The Company is unable to file its quarterly report on Form 20-F for the period ended July 30, 2019 within the prescribed

time period without unreasonable effort or expense.  Management deems it necessary that additional time be taken

in order to ensure that complete, thorough and accurate disclosure of all material information is made in its Form 20-F

Report.  The Company expects to file its Form 20-F within the 15 calendar day period described in Part II (b) above.

 

PART IV -- OTHER INFORMATION

 

(1) Name and telephone number of person to contact in regard to this notification

 

   Johannes (Theo) van der Linde                 604                       336-3196

                                                                                                                              

             (Name)                                      (Area Code)        (Telephone Number)

 

(2)  Have all other periodic reports required under Section 13 or 15(d) of the Securities Exchange Act of 1934 or

     Section 30 of the Investment Company Act of 1940 during the preceding 12 months or for such shorter period

     that the registrant was required to file such report(s) been filed?  

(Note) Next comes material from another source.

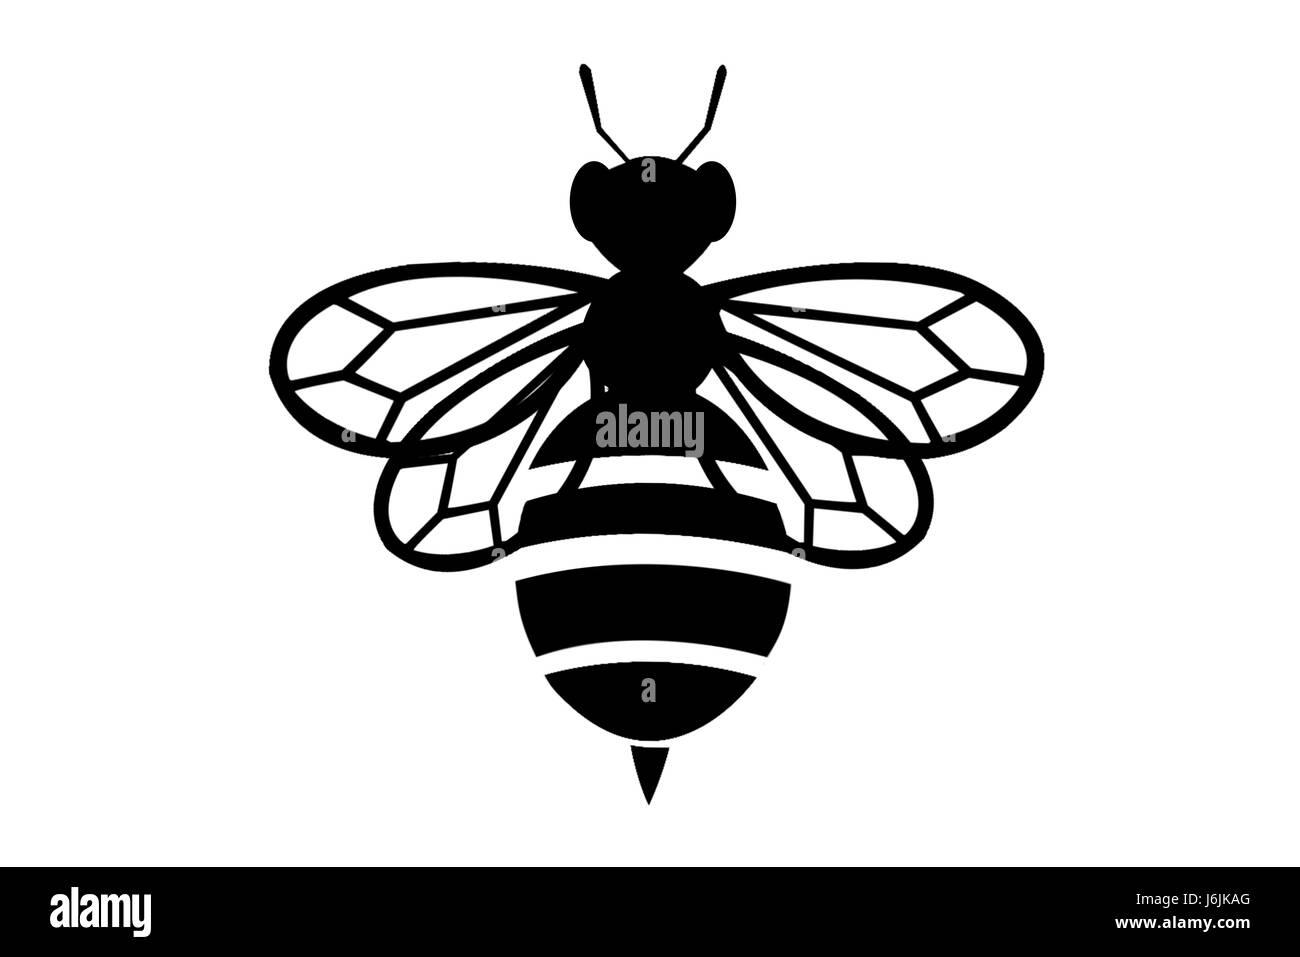 black Bee on white background symbol silhouette icon - Stock Image
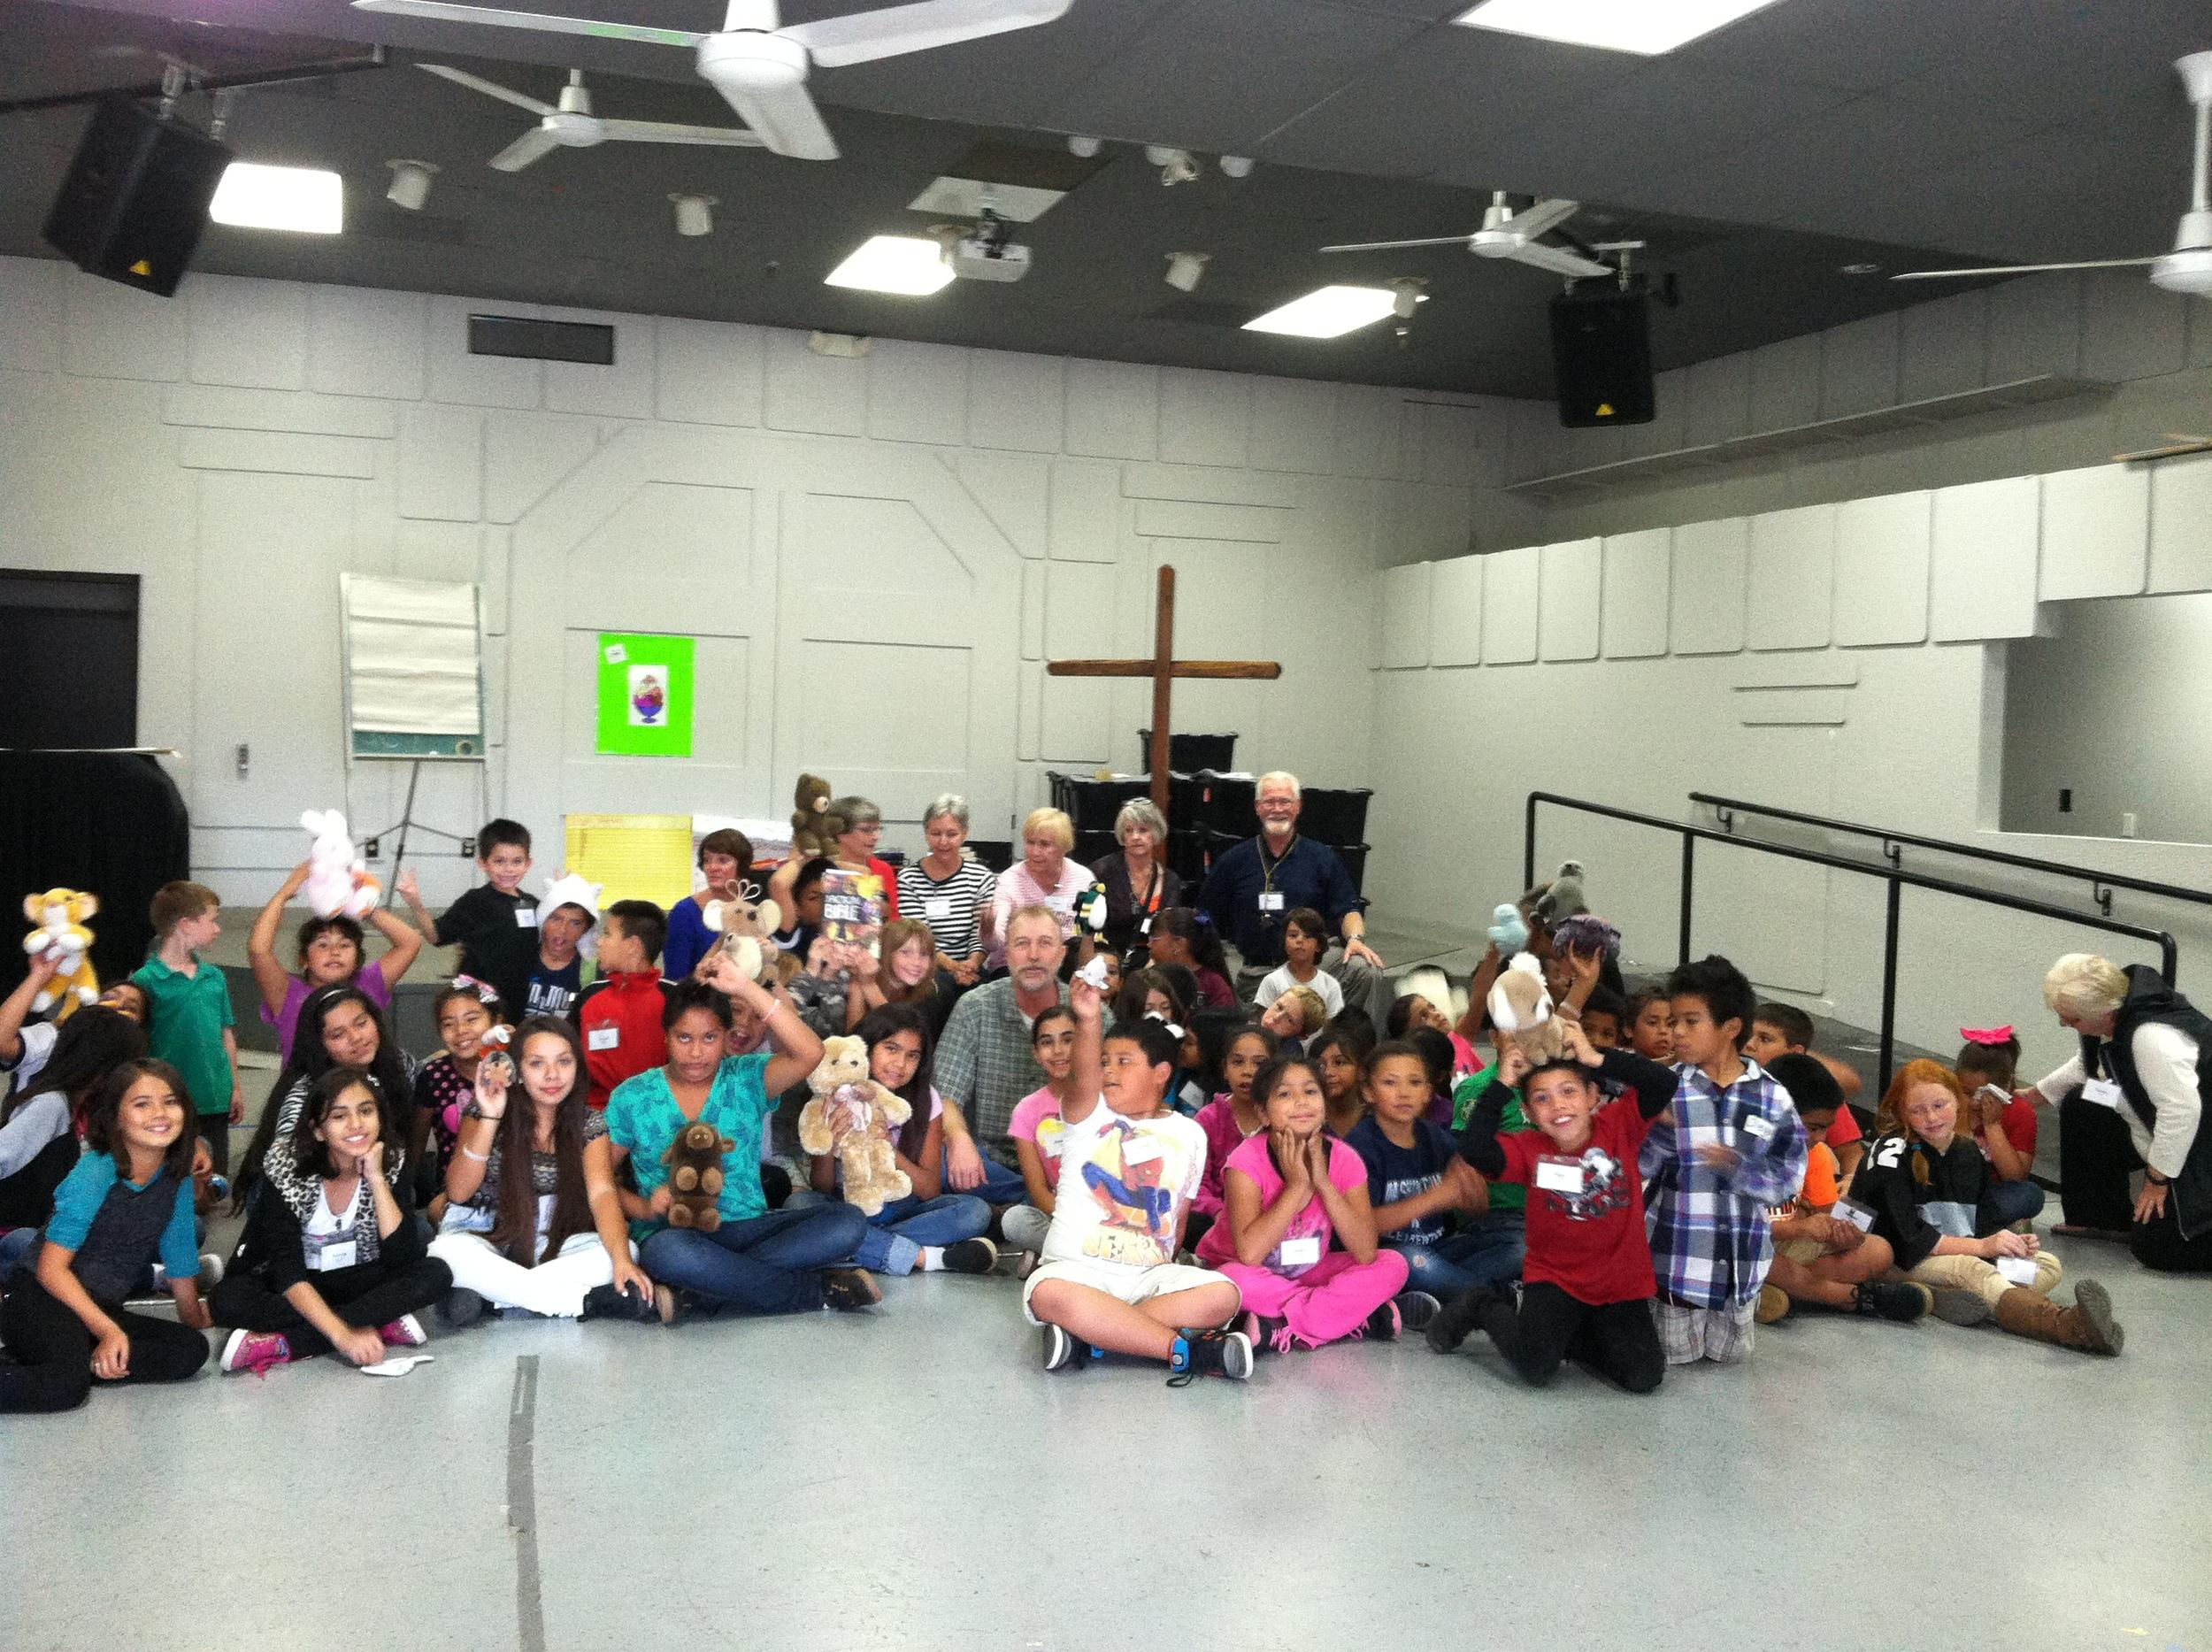 Treasures of Heaven Bible Club - Group Photo - October 2014

     If answer is no, identify report(s).   [X] Yes   [  ] No ____________________________________________

 

(3)  Is it anticipated that any significant change in results of operations from the corresponding period for the last

     fiscal year would be reflected by the earnings statements to be included in the subject report or portion thereof?

      [  ] Yes     [X]  No

 

    If so, attach an explanation of the anticipated change, both narratively and quantitatively, and, if appropriate, state

    the reasons why a reasonable estimate of the results cannot be made.

 

Tidal Royalty Corp.

(Name of Registrant as Specified in Charter)

 

has caused this notification to be signed on its behalf by the undersigned hereunto duly authorized.

 

           November 29, 2019                                     /s/ Theo van der Linde

Date:  ___________________                         By:                                                                              

                                                                            Theo van der Linde, Chief Financial Officer

 

INSTRUCTION: The form may be signed by an executive officer of the registrant of by any other duly authorized representative.  The name and title of the person signing the form shall be typed or printed beneath the signature.  If the statement is signed on behalf of the registrant by an authorized representative (other than an executive officer), evidence of the representative's authority to sign on behalf of the registrant shall be filed with the form.

 

ATTENTION

International misstatements or omissions of fact constitute Federal Criminal Violations (See 18 U.S.C. 1001).

 

GENERAL INSTRUCTIONS

 

1. This form is required by Rule 12b-25 (17 CFR 240.12b-25) of the General Rules and Regulations under the Securities Exchange Act of 1934.

 

2. One signed original and four conformed copies of this form and amendments thereto must be completed and filed with the Securities and Exchange Commission, Washington, D.C. 20549, in accordance with Rule 0-3 of the General Rules and Regulations under the Act. The information contained in or filed with the form will be made a matter of public record in the Commission files.

3. A manually signed copy of the form and amendments thereto shall be filed with each national securities exchange on which any class of securities of the registrant is registered.

4. Amendments to the notifications must also be filed on form 12b-25 but need not restate information that has been correctly furnished. The form shall be clearly identified as an amended notification.

5. Interactive data submission.  This form shall not be used by electronic filers with respect to the submission or posting of an Interactive Data File (§232.211 of this chapter).  Electronic filers unable to submit or post and Interactive Data File within the time period prescribed should comply with either Rule 201 or 202 of Regulation S-T (§232.201 or §232.202 of this chapter).